Using Differential Evolution for the Graph Coloring

TL;DR

This paper explores the application of differential evolution, a method for continuous optimization, to the combinatorial problem of graph coloring, proposing a hybrid algorithm that shows promising results compared to existing heuristics.

Contribution

It introduces a hybrid self-adaptive differential evolution algorithm tailored for graph 3-coloring, demonstrating its competitiveness with state-of-the-art heuristics.

Findings

Differential evolution can be adapted for graph coloring.

The proposed hybrid algorithm performs comparably to top heuristics.

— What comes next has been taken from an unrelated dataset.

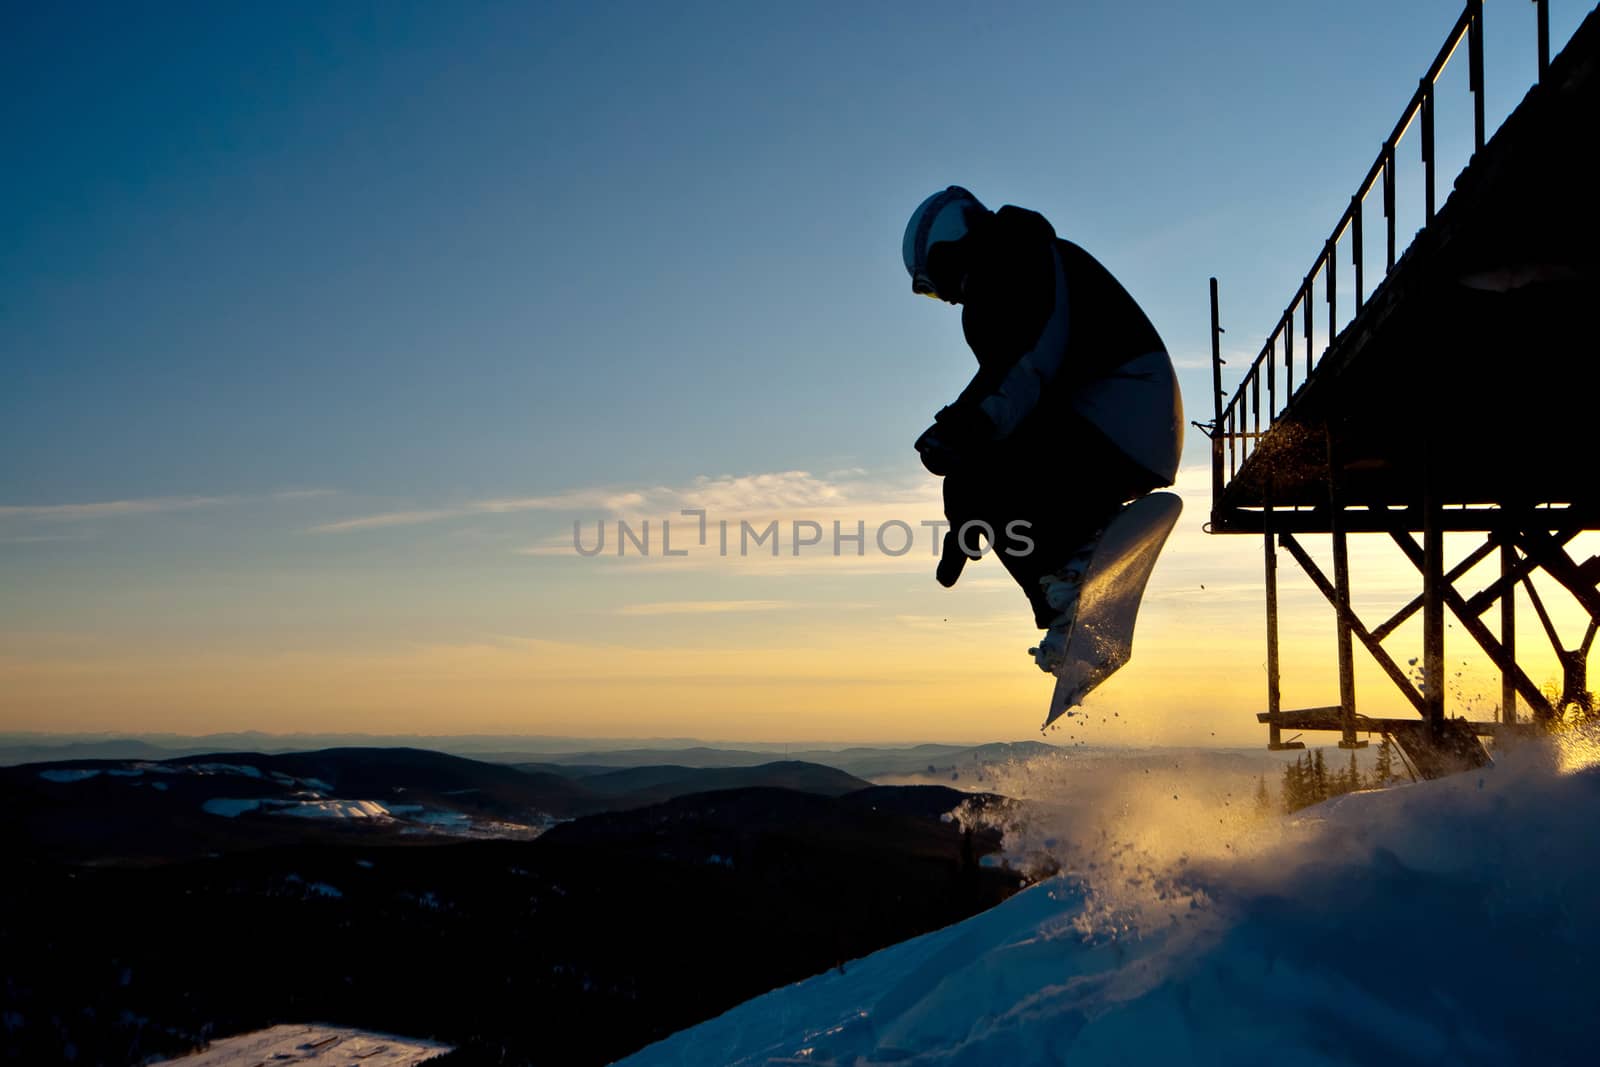 Snowboard freeride in Siberia by Chudakov

Results suggest differential evolution could be a future tool for combinatorial problems.

Abstract

Differential evolution was developed for reliable and versatile function optimization. It has also become interesting for other domains because of its ease to use. In this paper, we posed the question of whether differential evolution can also be used by solving of the combinatorial optimization problems, and in particular, for the graph coloring problem. Therefore, a hybrid self-adaptive differential evolution algorithm for graph coloring was proposed that is comparable with the best heuristics for graph coloring today, i.e. Tabucol of Hertz and de Werra and the hybrid evolutionary algorithm of Galinier and Hao. We have focused on the graph 3-coloring. Therefore, the evolutionary algorithm with method SAW of Eiben et al., which achieved excellent results for this kind of graphs, was also incorporated into this study. The extensive experiments show that the differential evolution could become a competitive tool for the solving of graph coloring problem in the future.